METHODS AND RESULTS:
In this study, the intestinal absorption mechanism of these three compounds was investigated using the Caco-2 cell monolayer model in both the apical-to-basolateral (A-B) and the basolateral-to-apical (B-A) direction. The absorption permeability (PAB) of epimedin A, epimedin B0, and epimedin C were extremely low and increased as the concentration of the epimedins increased from 5 to 20 μM, but, at 40 μM, the PAB values were reduced. Meanwhile, the amount of transported compounds increased in a time-dependent manner.

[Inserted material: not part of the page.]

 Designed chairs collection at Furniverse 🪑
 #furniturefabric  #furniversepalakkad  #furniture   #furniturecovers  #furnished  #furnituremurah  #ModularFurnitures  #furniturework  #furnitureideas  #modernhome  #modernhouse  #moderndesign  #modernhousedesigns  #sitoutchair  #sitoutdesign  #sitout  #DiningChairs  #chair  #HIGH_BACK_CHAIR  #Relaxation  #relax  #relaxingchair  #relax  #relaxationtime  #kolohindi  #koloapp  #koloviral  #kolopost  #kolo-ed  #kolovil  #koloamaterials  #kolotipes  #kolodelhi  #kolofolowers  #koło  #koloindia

The PAB of epimedins A and C were significantly increased and efflux ratios decreased in the presence of verapamil (an inhibitor of P-glycoprotein) and dipyridamole (an inhibitor of breast cancer resistance protein) while, in the presence of MK571 (an inhibitor of multidrug resistance proteins), the absorption of epimedins A and C did not change significantly, indicating that P-gp and BCRP might be involved in the transport of epimedins A and C. The PAB of epimedin B significantly increased while its secretory permeability (PBA) significantly decreased in the presence of dipyridamole, indicating that BCRP might be involved in the transport of epimedin B. No obvious changes in the transport of epimedin B were observed in the presence of verapamil and MK571.
In summary, our results clearly demonstrate, for the first time, that poor bioavailability of these three prenylated flavonoids is the result of poor intrinsic permeability and efflux by apical efflux transporters.